--- Work to complete ---
The answer is to be the lines below that lie between the line holding "Robot z możliwością" and the line holding "- programowana ...", inclusive, transcribed exactly and free of pictures.

--- Data for review ---
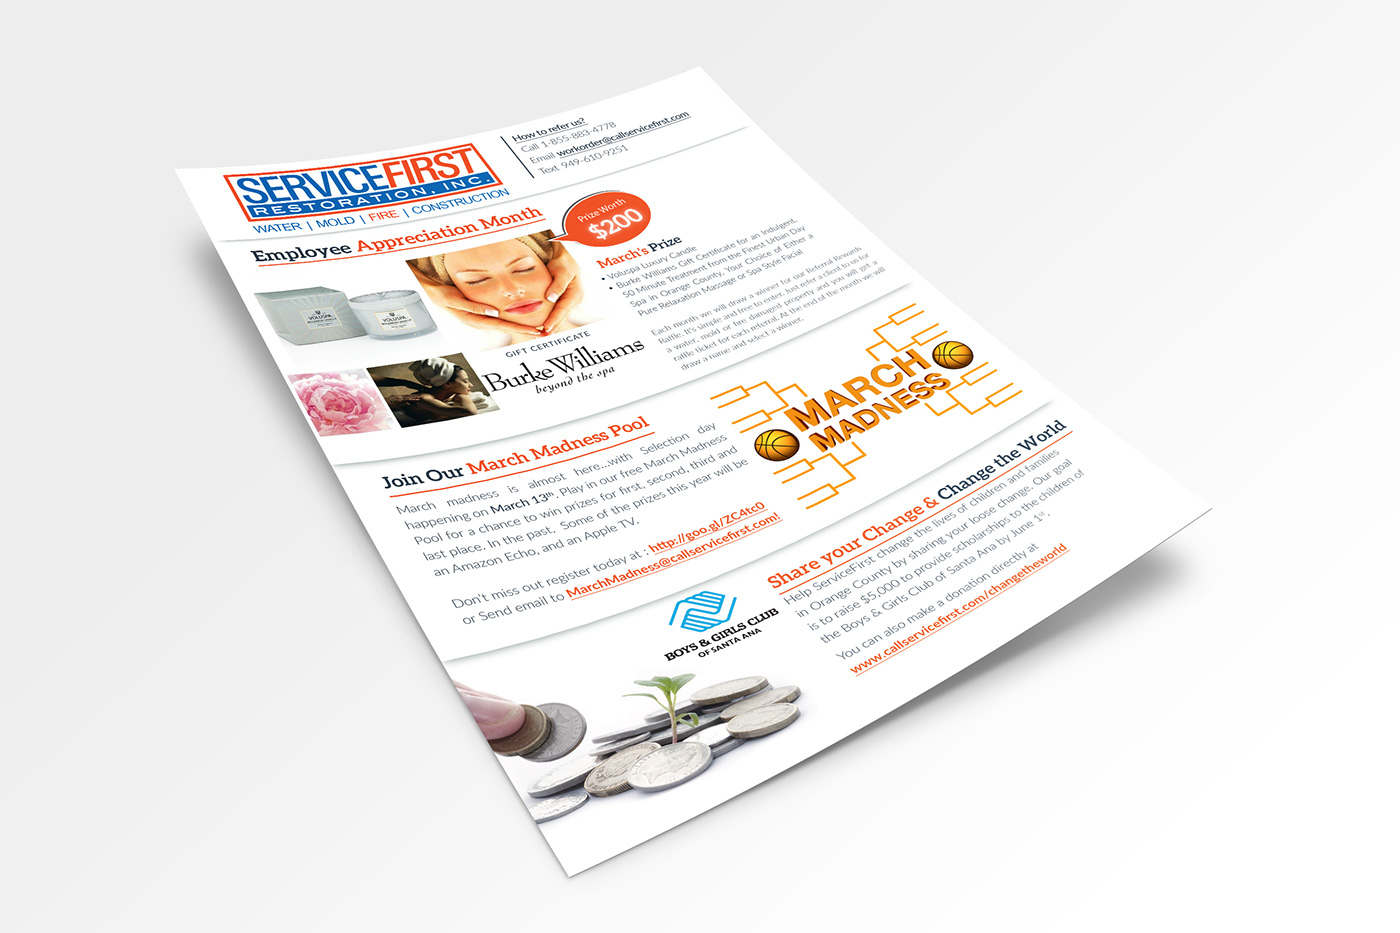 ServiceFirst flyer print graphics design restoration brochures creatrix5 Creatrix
---
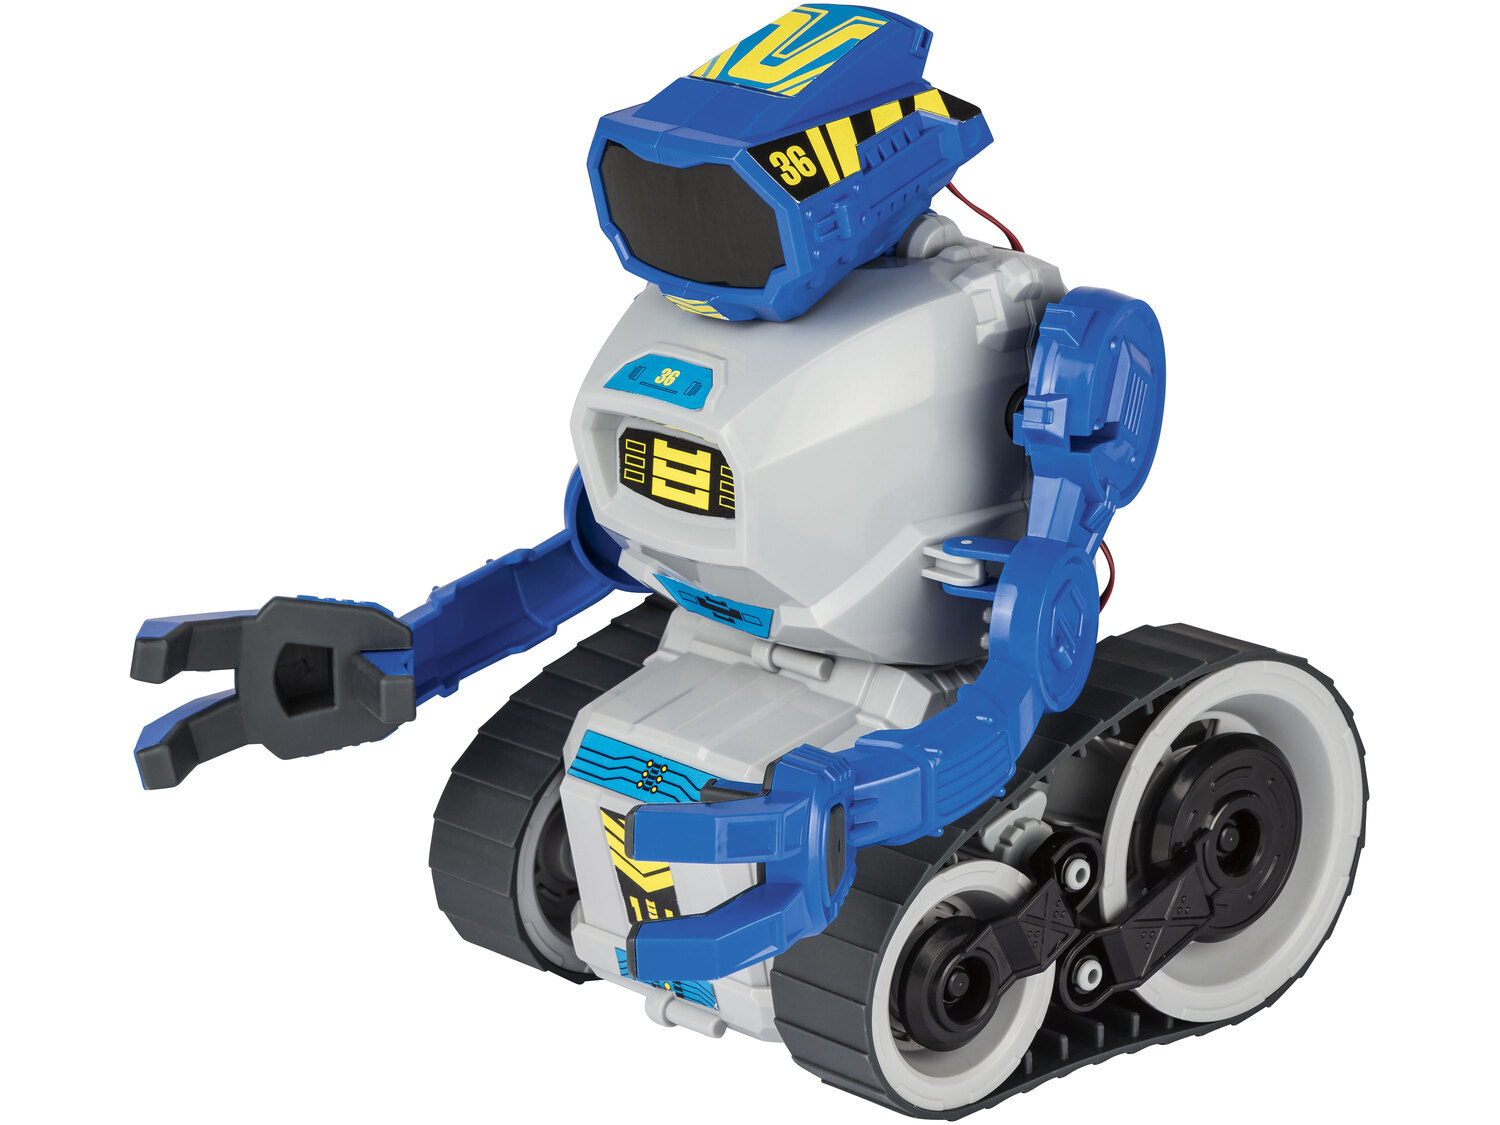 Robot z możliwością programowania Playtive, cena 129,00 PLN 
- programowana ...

--- Exercise result ---
 Robot z możliwością programowania Playtive, cena 129,00 PLN 
- programowana ...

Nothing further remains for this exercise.